LowComDom Performances Presents
Film Review - Stepford Wives, The
In the early 1970s, a "revolution" was happening in America. Women were standing up for themselves and demanding equality in our society. In this era the National Organization for Women came to the forefront, the Equal Rights Amendment to the Constitution was being passed around, and bras were being burned. (This was before the era of Victoria's Secret.)
The Stepford Wives is a mirror being held up to society. In this quiet New England small town, women are obedient and unquestioning of their men. At least that's how women end up. It's an interesting transition. When women arrive, they tend to be upper middle-class wives who have children and social interests outside the home. Four months later, these social interests end. The woman dresses like Betty Crocker, and the upper brain functions -- such as having an independent opinion -- end. We see all of this through the eyes of two newcomers. One by one, their friends become Stepford Wives, only interested in keeping a spotless house and pleasing their husbands.

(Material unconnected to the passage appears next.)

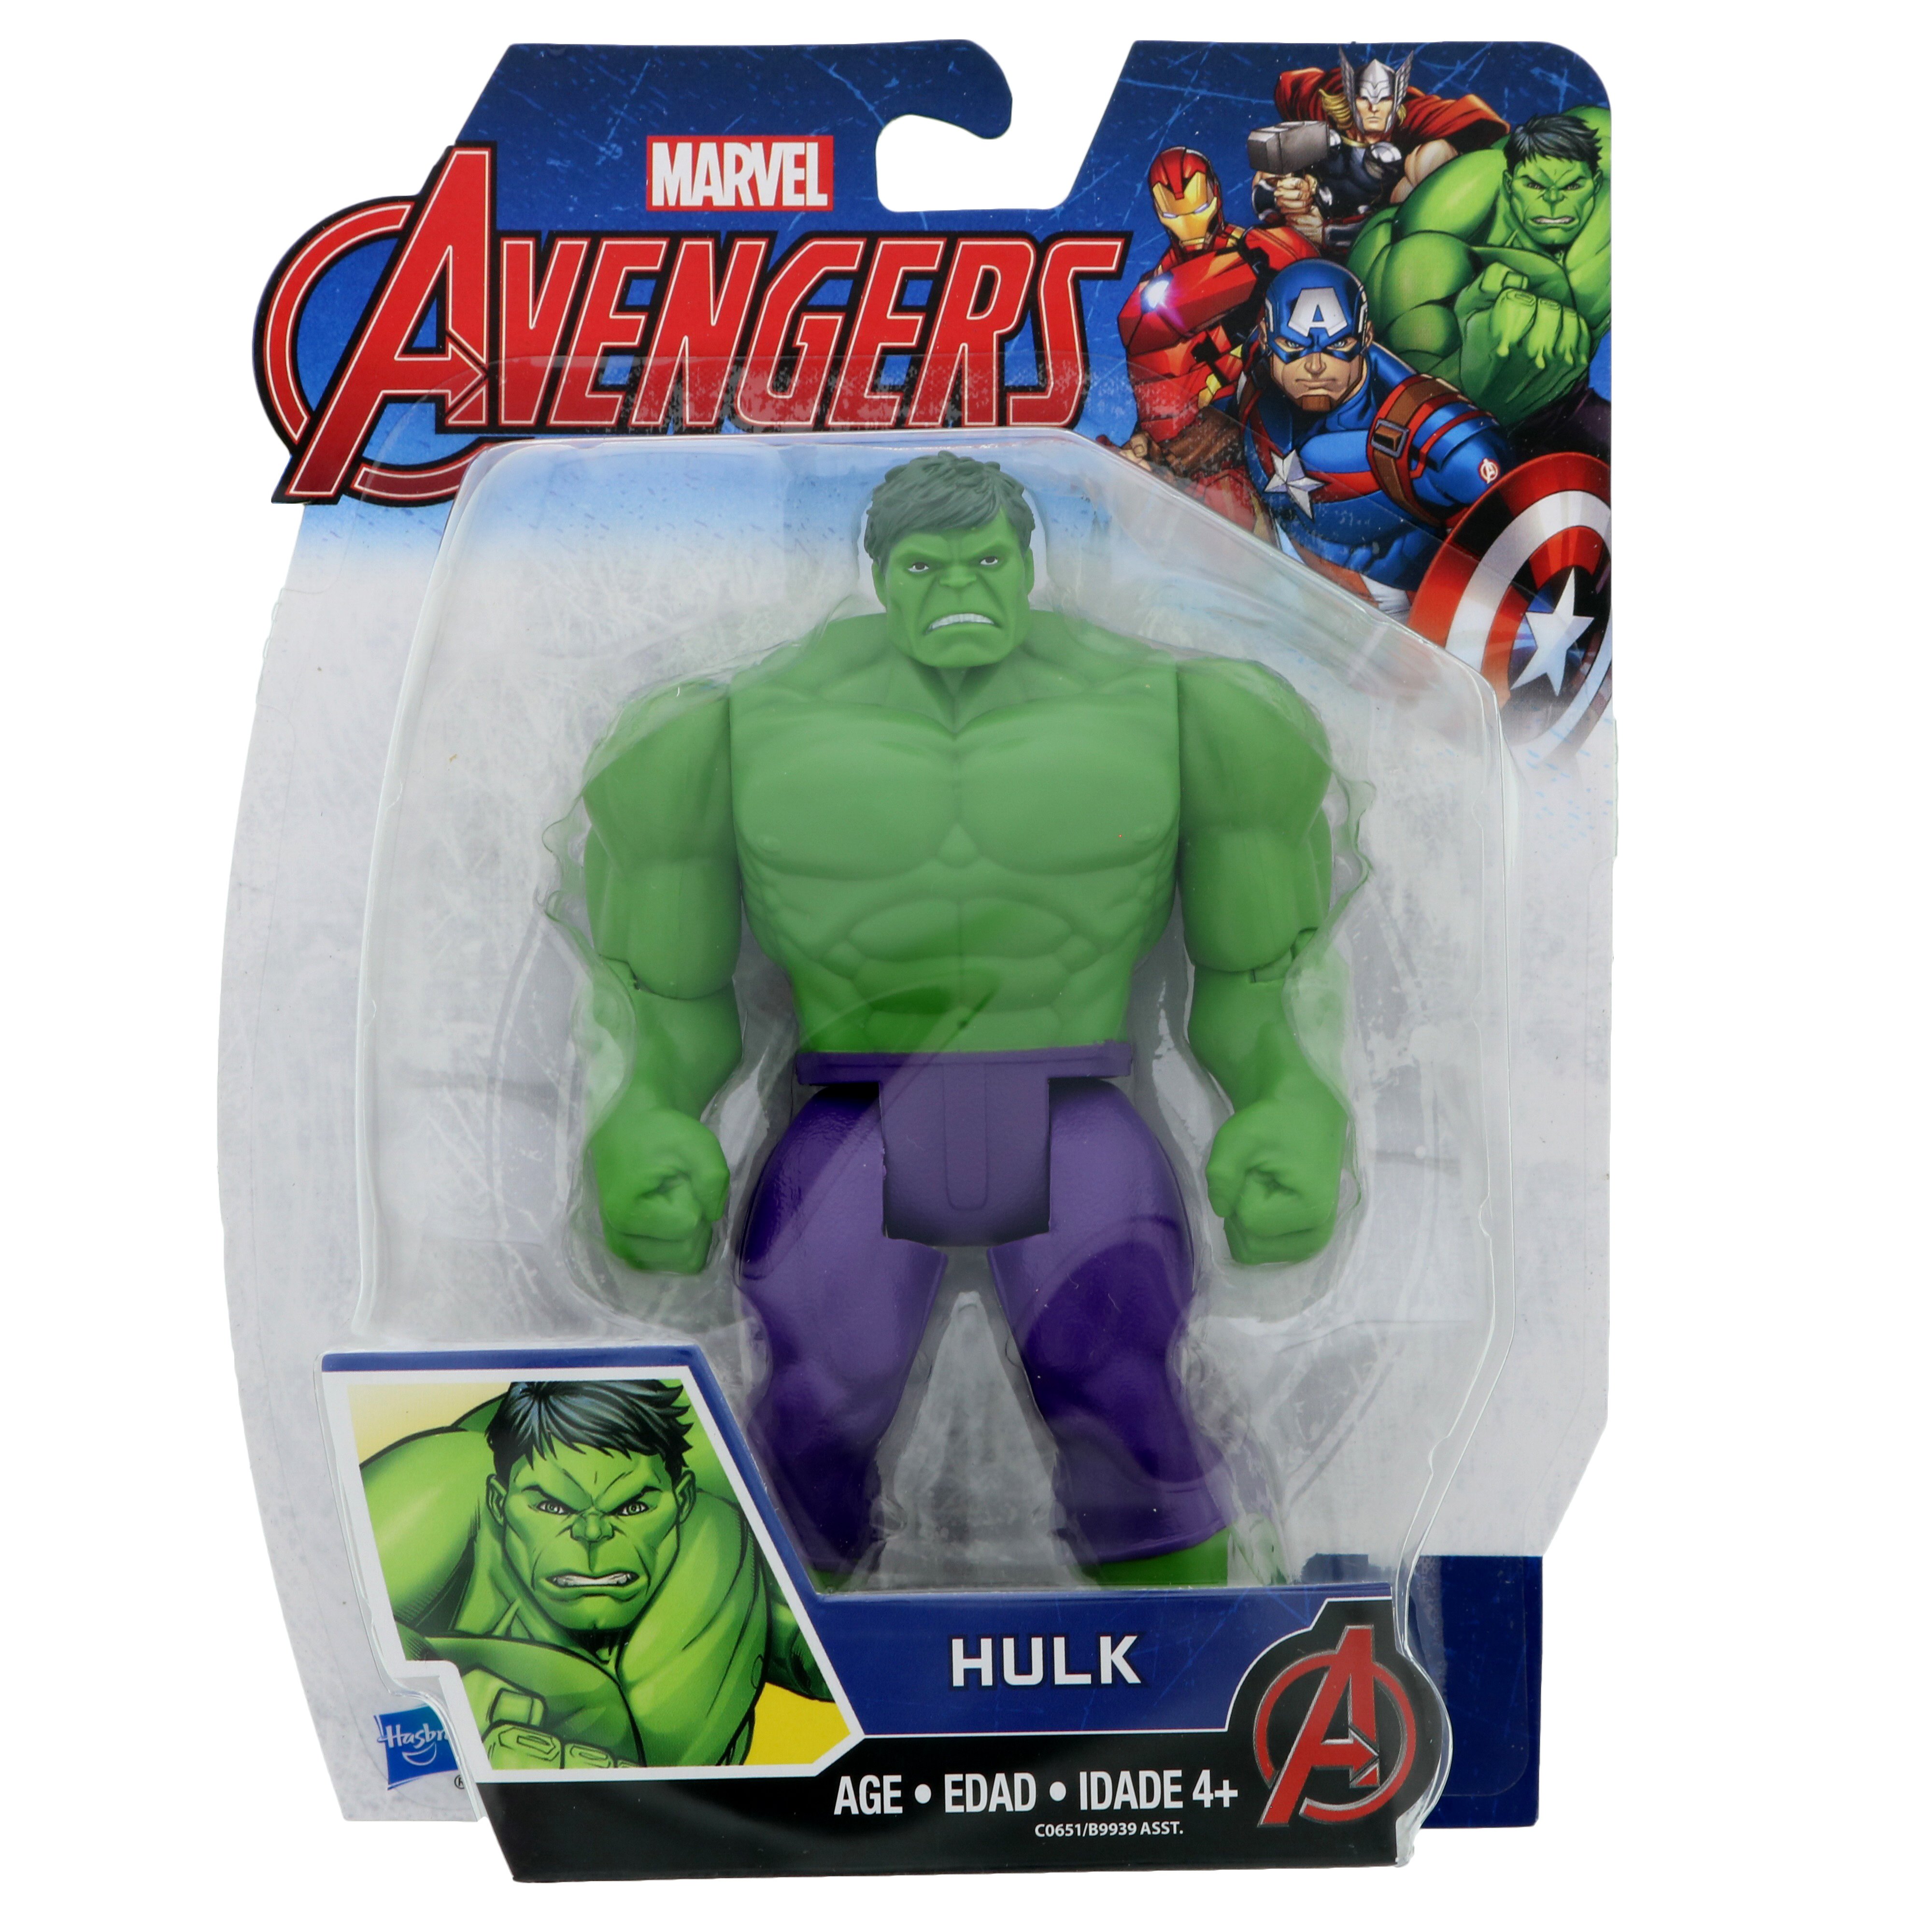 Marvel Avengers Hulk 6-in Basic Action Figure Hasbro B9939

This film has much to be praised. It's not a simple "men the oppressors against women the victims" movie. Yes, there is that element. But there's depth to the characters. Small nuances that don't add up until you find out what's really happening in Stepford. The Betty Crocker attitude of the Stepford Wives is the stereotypical "Man's Dream" of the woman who is subservient, doesn't argue, and has sex with you whenever you want. Her needs are not important. As I write this in the late 1990s, it's a sign being held up with the subtitle, "Wasn't this crazy?"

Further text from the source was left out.